Вы что думаете, со мной перестали здороваться? Здоровались, да еще как. «Привет» в бодром стиле «чтоб ты сдох», и этот взгляд прямо в глаза, от которого хочется кашлять. Я был ни в чем не виноват и получил то, что заслуживал, — примерно в такую мысль могло бы оформиться раздражение, которое я пытался подавить, как приступ кашля. Это как с книжками: часто роман, сделавший писателю имя, не делает ему чести, и, если писатель пожертвовал своим вкусом, чтобы когда-нибудь в дальнейшем иметь возможность облагородить вкус публики, «когда-нибудь» уже никогда не наступит, и он это знает, потому что нельзя быть Стивеном Кингом и Прустом в одном флаконе, особенно когда ни до одного из них не дотягиваешь.

Поэтому я все принял как должное. Поэтому и еще потому, что так и мне самому было значительно проще; можете изменить порядок причин.

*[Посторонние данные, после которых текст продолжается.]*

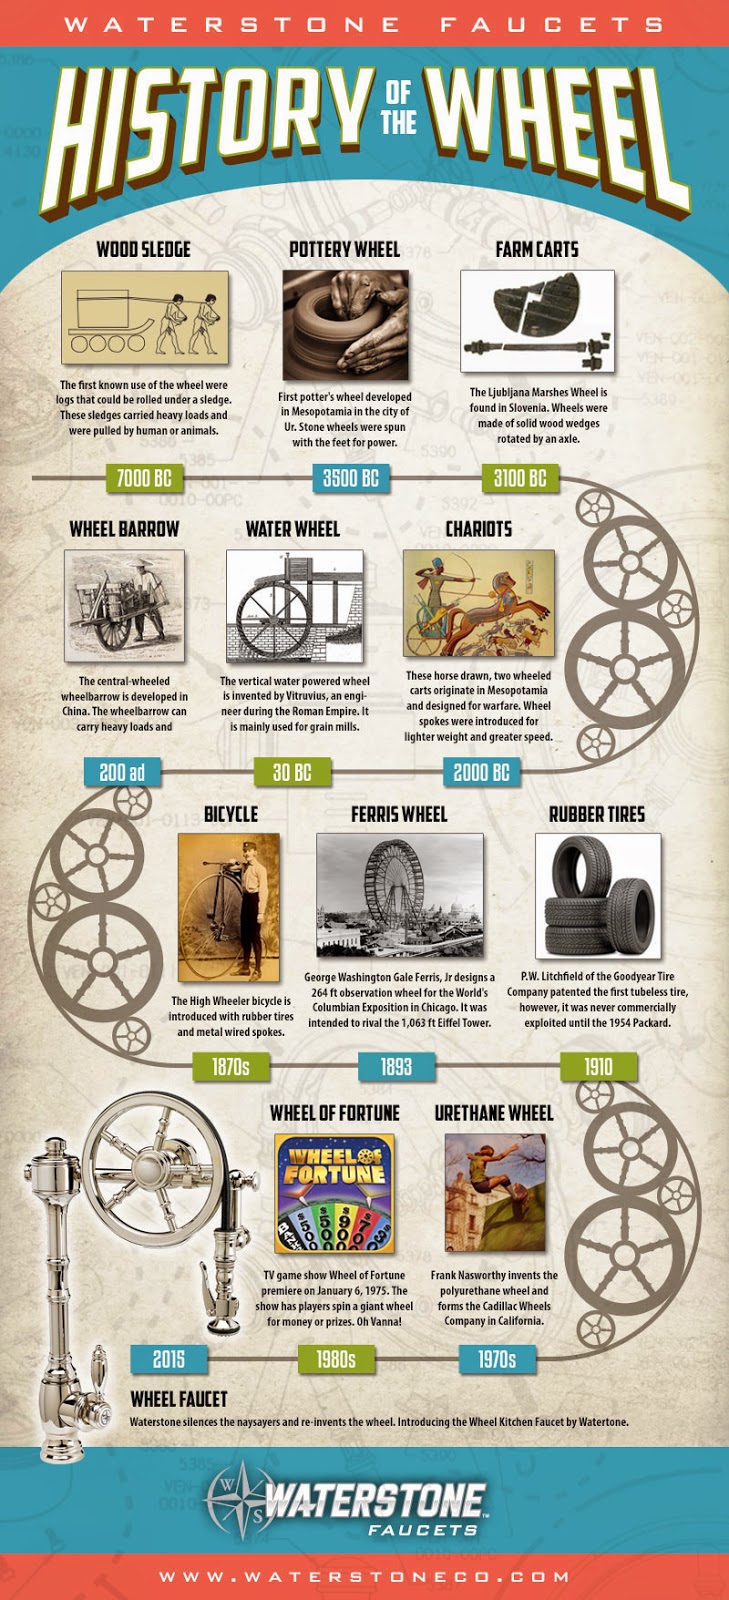 History of the wheel

Любая частная жизнь протекает на фоне общеисторических событий; когда так говорят, как-то упускают из вида, что для частного человека события жизни — всего того, что остается вне круга его личных забот и желаний, — не могут быть даже фоном, их просто нет. Фон и движение фигур на фоне заметны только наблюдающему со стороны, а частный человек, как правило, живет, а не смотрит фильм о своей жизни. Даже если частный человек заснет при де Голле, а проснется при Пиночете, он первым делом с тревогой посмотрит в зеркало, а не в окно. Чтобы частный человек соотнес себя с историей, история должна постучать в его дверь, в образе погромщика или жандарма, и большинство благополучно избегает прикосновения крепких рук этой незадумчивой музы. Я имею в виду процентное большинство, а не большинство в значении «обыватели», потому что исторические закономерность и случайность работают одинаково продуктивно, и погромщики приходят не только к евреям, а жандармы — не только к тем, кто высовывается. Тут уж как выпадет из крепкой руки монетка.

Так вот, событиями для меня были несчастная любовь, нищета и нежелание попасть под суд: хотя Боб, согласно пожеланию правосудия, наконец-то достиг шестнадцати лет, и я уже не был педофилом, в новом УК — когда я туда заглянул — нашлось много других интересных статей. И в тот день, когда я, зайдя в «Мегеру», увидел Крис рядом с Евгением Филипповичем Заевым, я просто повернулся и ушел.


У Кляузевица были гости. Очень странные тут собрались гости, как-то они не вязались ни друг с другом, ни с хозяином. Хотя что с чем здесь теперь вязалось? Я огляделся.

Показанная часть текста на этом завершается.